─── STORED DATA ───
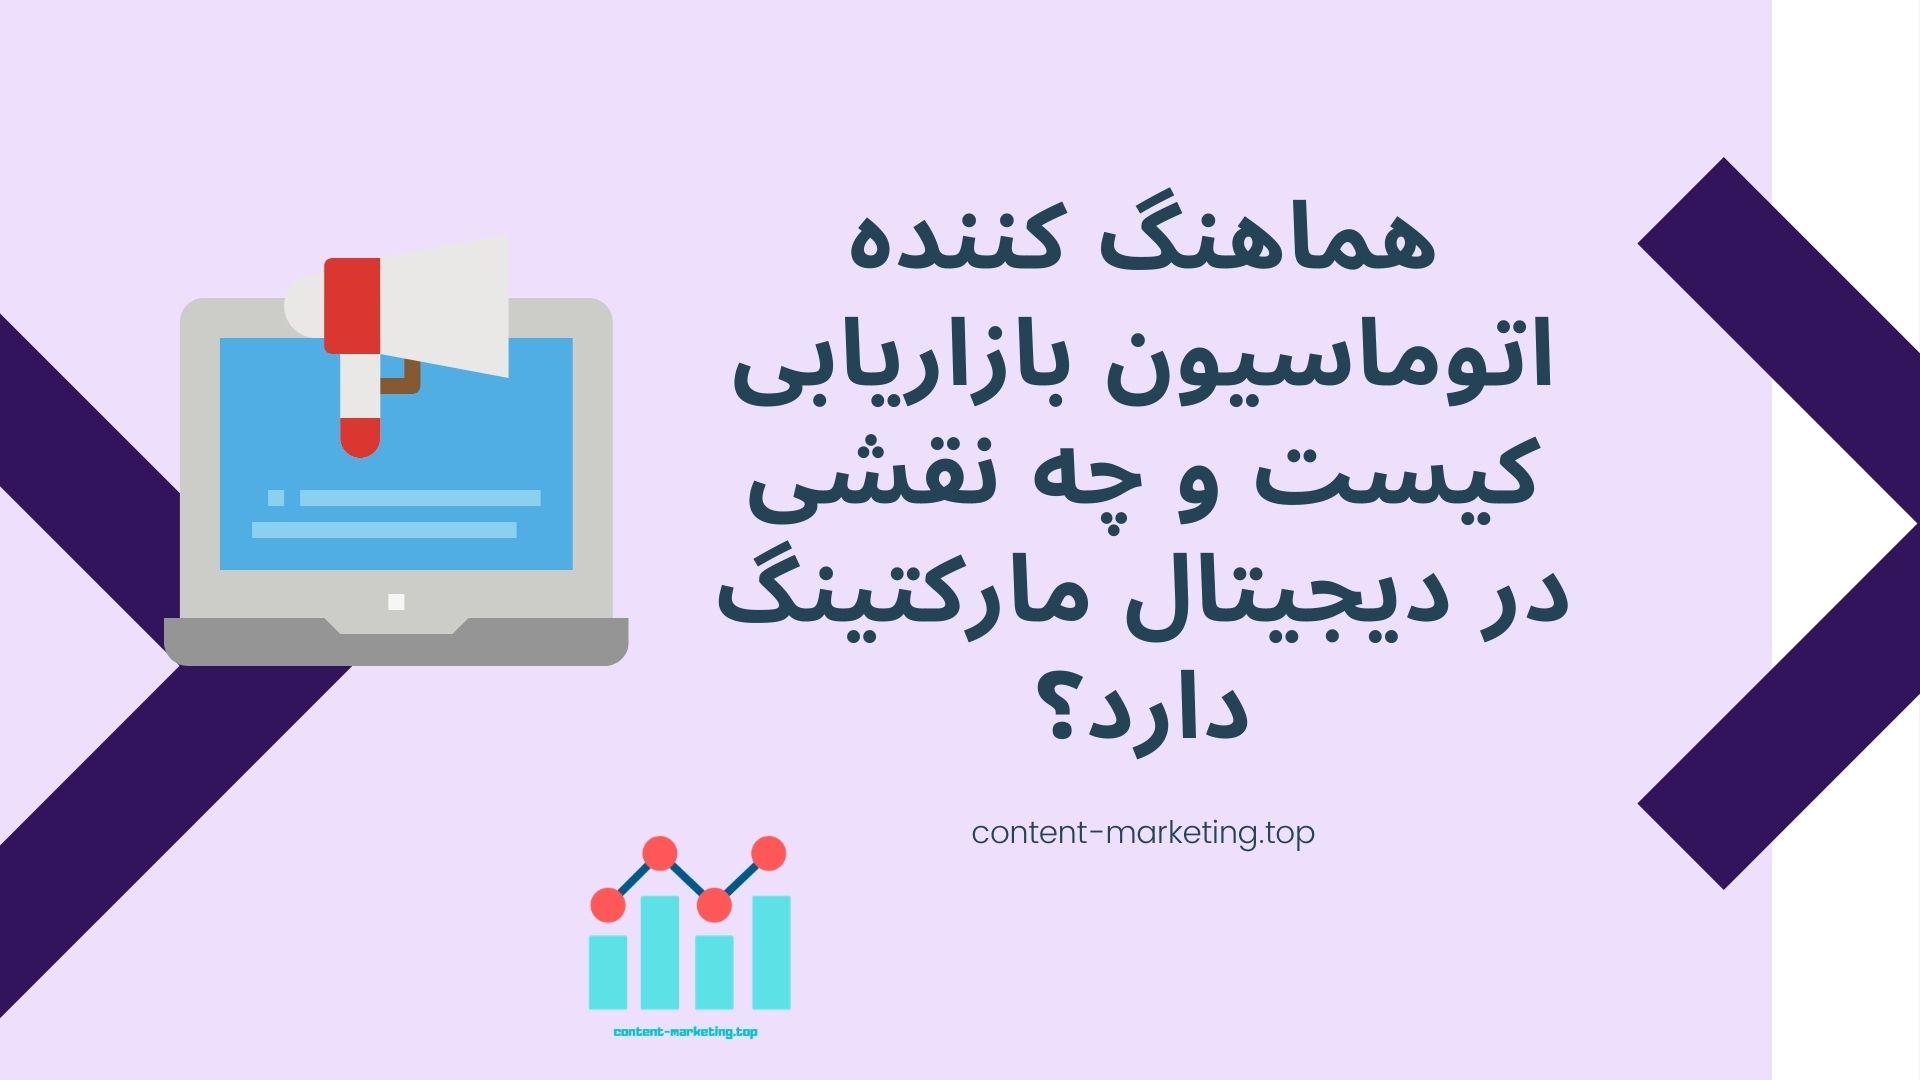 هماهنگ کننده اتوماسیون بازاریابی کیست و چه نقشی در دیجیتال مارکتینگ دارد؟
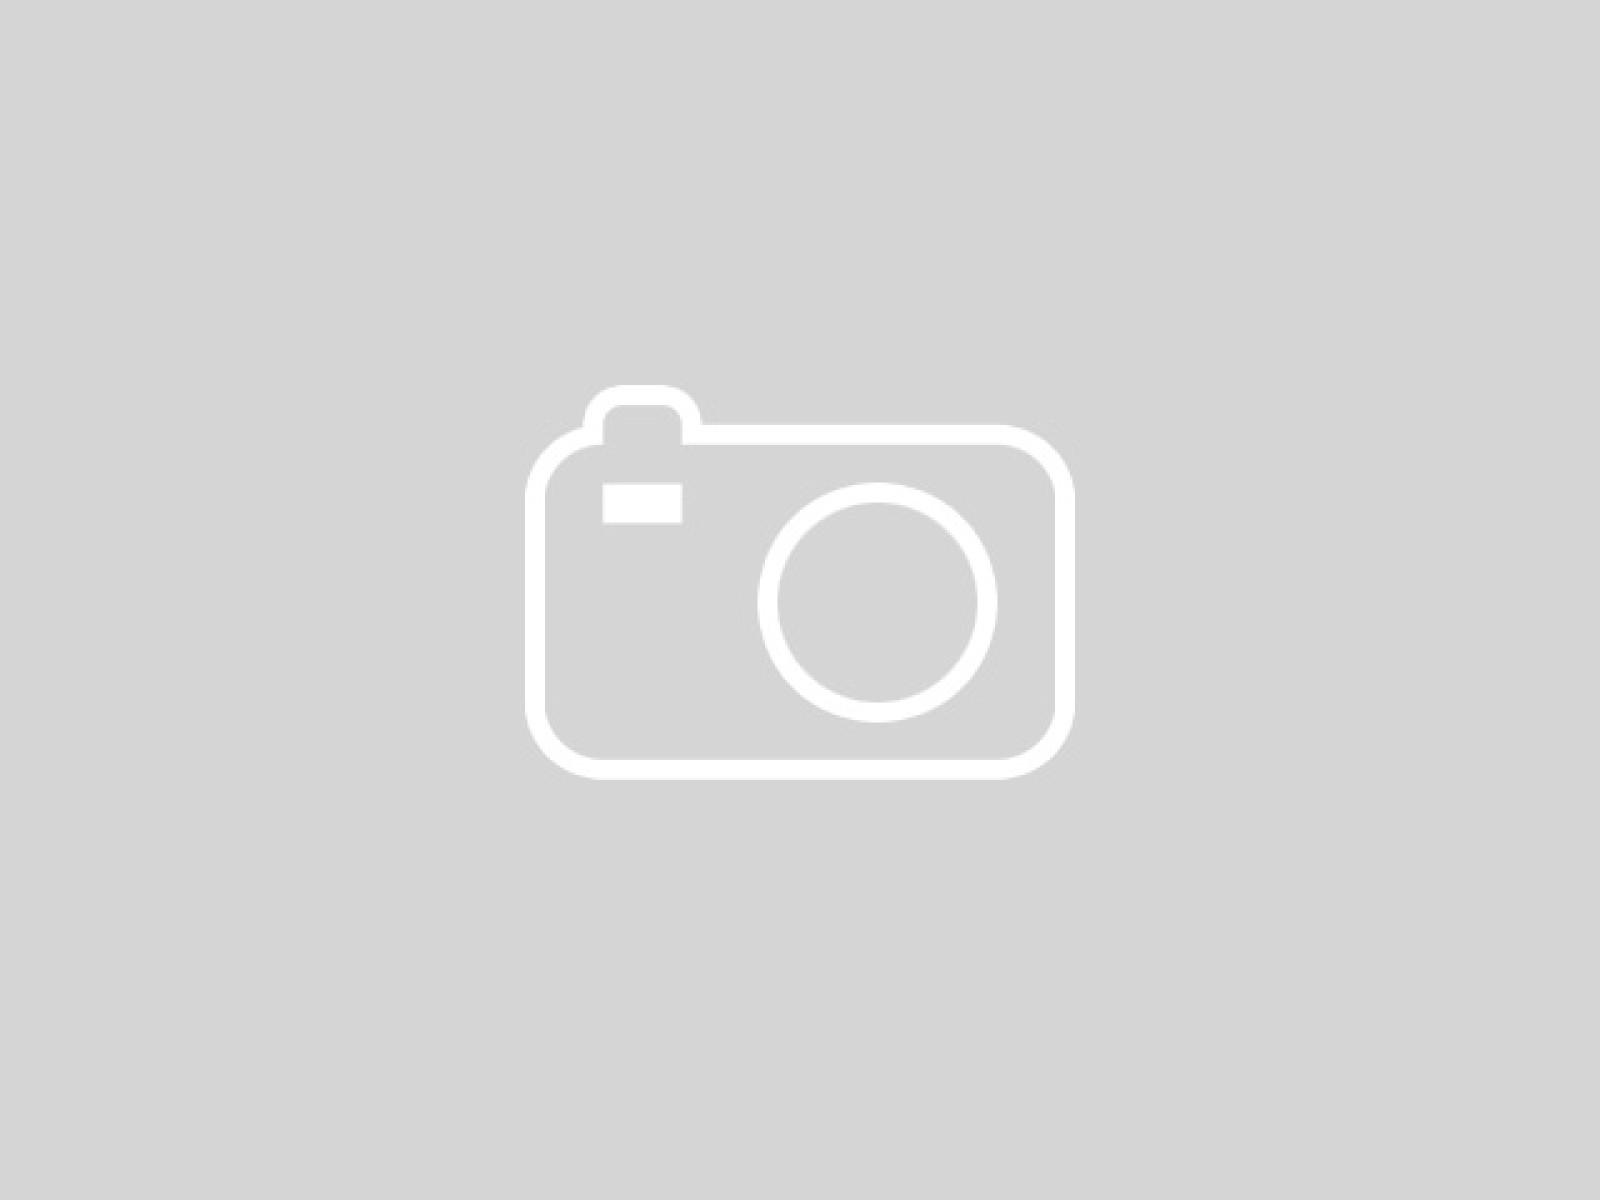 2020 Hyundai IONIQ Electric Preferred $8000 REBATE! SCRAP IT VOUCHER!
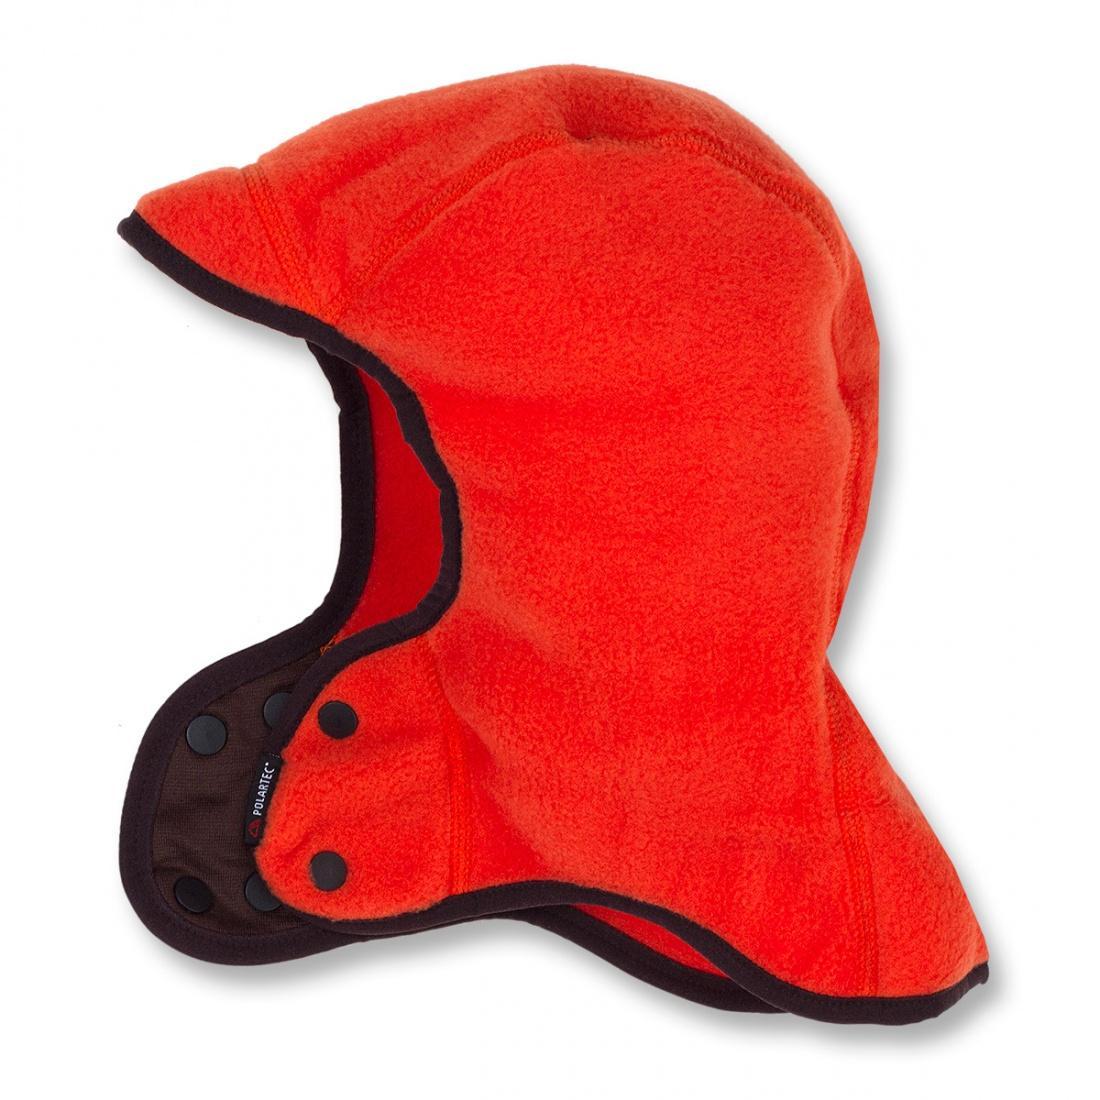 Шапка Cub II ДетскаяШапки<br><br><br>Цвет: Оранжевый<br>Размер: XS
───
- _WHAT YOU SHOULD DO_
Would it be possible to give the material above again exactly, with the pictures left out?

- _TASK OUTPUT_
 هماهنگ کننده اتوماسیون بازاریابی کیست و چه نقشی در دیجیتال مارکتینگ دارد؟
 2020 Hyundai IONIQ Electric Preferred $8000 REBATE! SCRAP IT VOUCHER!
 Шапка Cub II ДетскаяШапки<br><br><br>Цвет: Оранжевый<br>Размер: XS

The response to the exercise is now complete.